James,
You can have a gobal Form Manager that will keep collection of forms opened and manage them.
>Sergey --
>
>I was afraid of that. I'll have to use SYS(2015) for the property name, because there can be multiple instances of this. Just clutters up _Screen, I guess.
>
>Thanks.
>
>>You have to keep form reference around. Something like
>>
>>_Screen.AddProperty("oPemeBrowser" , Newobject ('PEME_FRMBROWSER', 'PEME_mxBrowser.VCX'))

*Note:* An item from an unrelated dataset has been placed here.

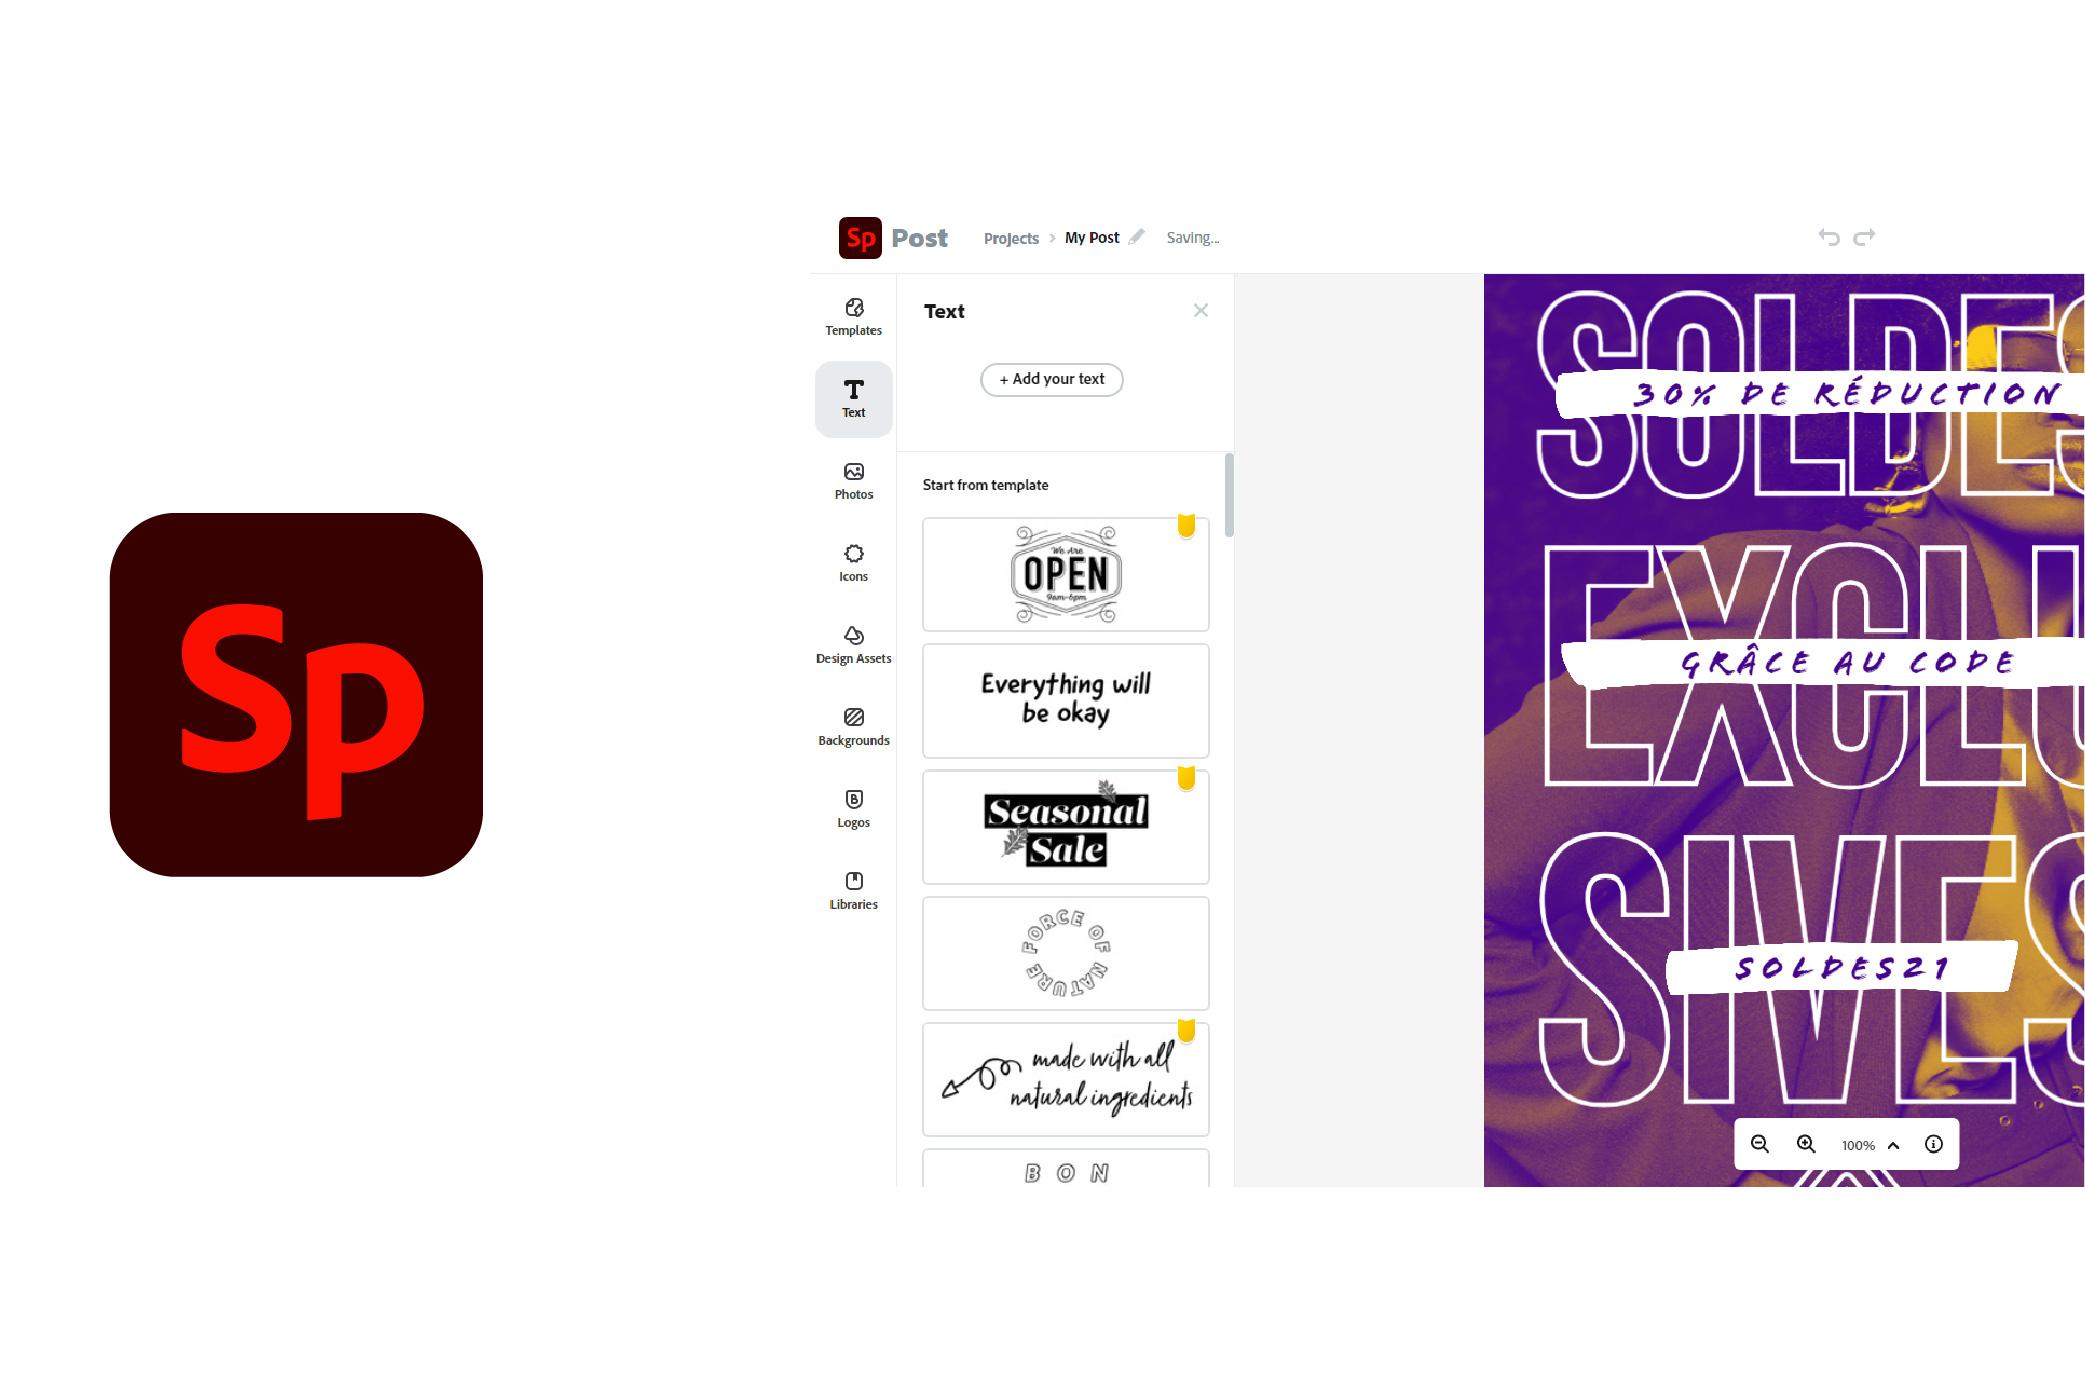 UI of Adobe Spark tool
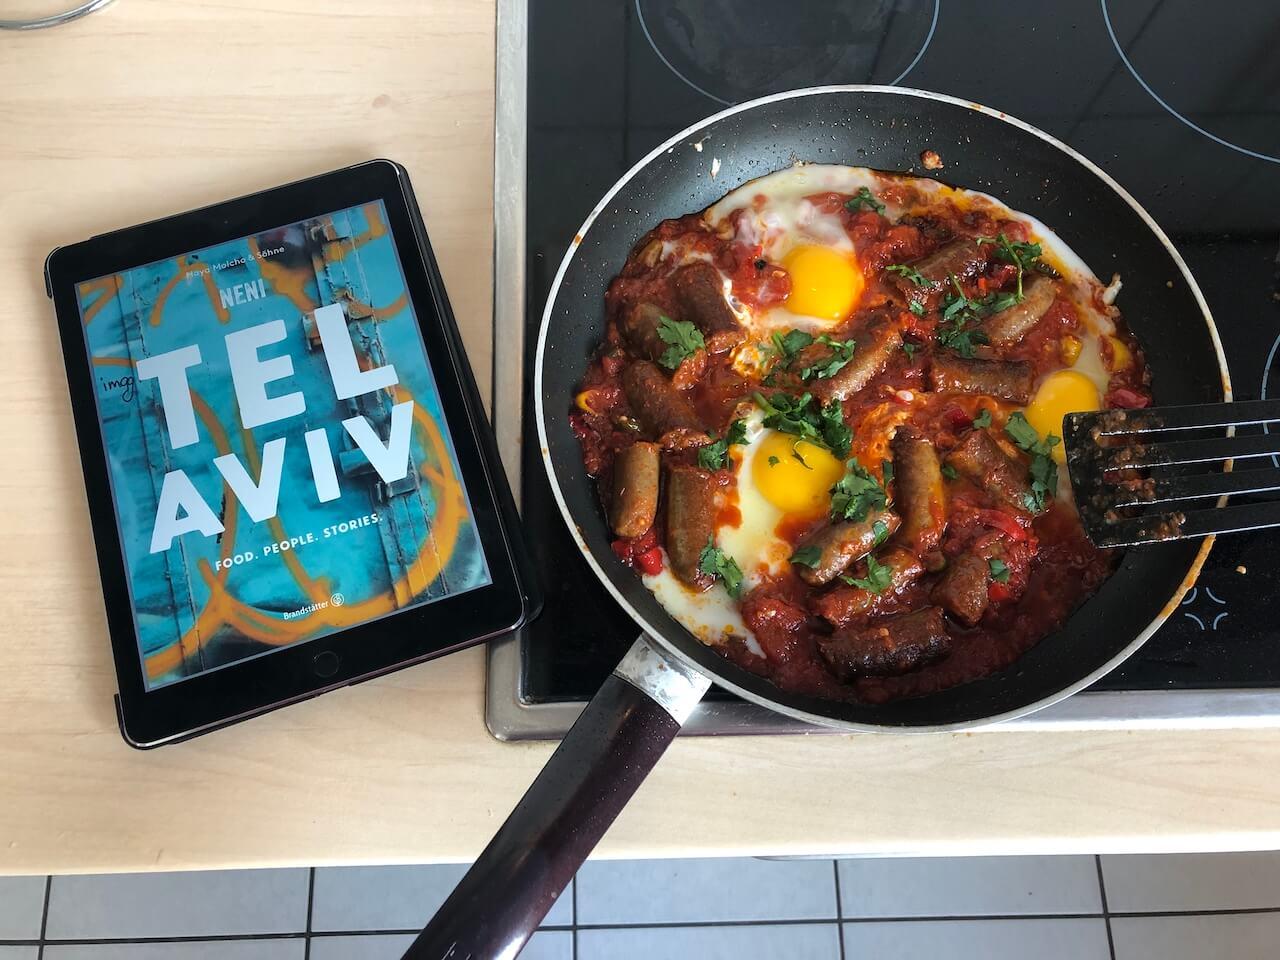 Kulinarische Reisevorbereitungen: Tel Aviv und das Neni-Kochbuch

>>_Screen.oPemeBrowser.WriteHTML(lcResult)
>>...
>>
>>
>>>No, that's the opposite of what I want.
>>>
>>>The form is not modal, and I don't want it to be.
>>>
>>>What I want is that the form is still around after the Return statement. (It goes POOF and disappears because of loForm going out of scope).
>>>
>>>
>>>>>I have just begin using class-based forms, and have come upon the following.
loForm = Newobject ('PEME_FRMBROWSER', 'PEME_mxBrowser.VCX')
>>>>>loForm.WriteHTML (lcResult)
>>>>>loForm.Show()
>>>>>
>>>>>Return lcResult
>>>>>The form that is created here is not modal, and I want it to hang around once it is created by the code above. Of course, loForm goes out of scope and POOF!
>>>>>
>>>>>Suggestions?
>>>>>
>>>>>TIA
>>>>
>>>>Does
>>>>loForm.Show(1)
>>>>get you what you need?
If it's not broken, fix it until it is.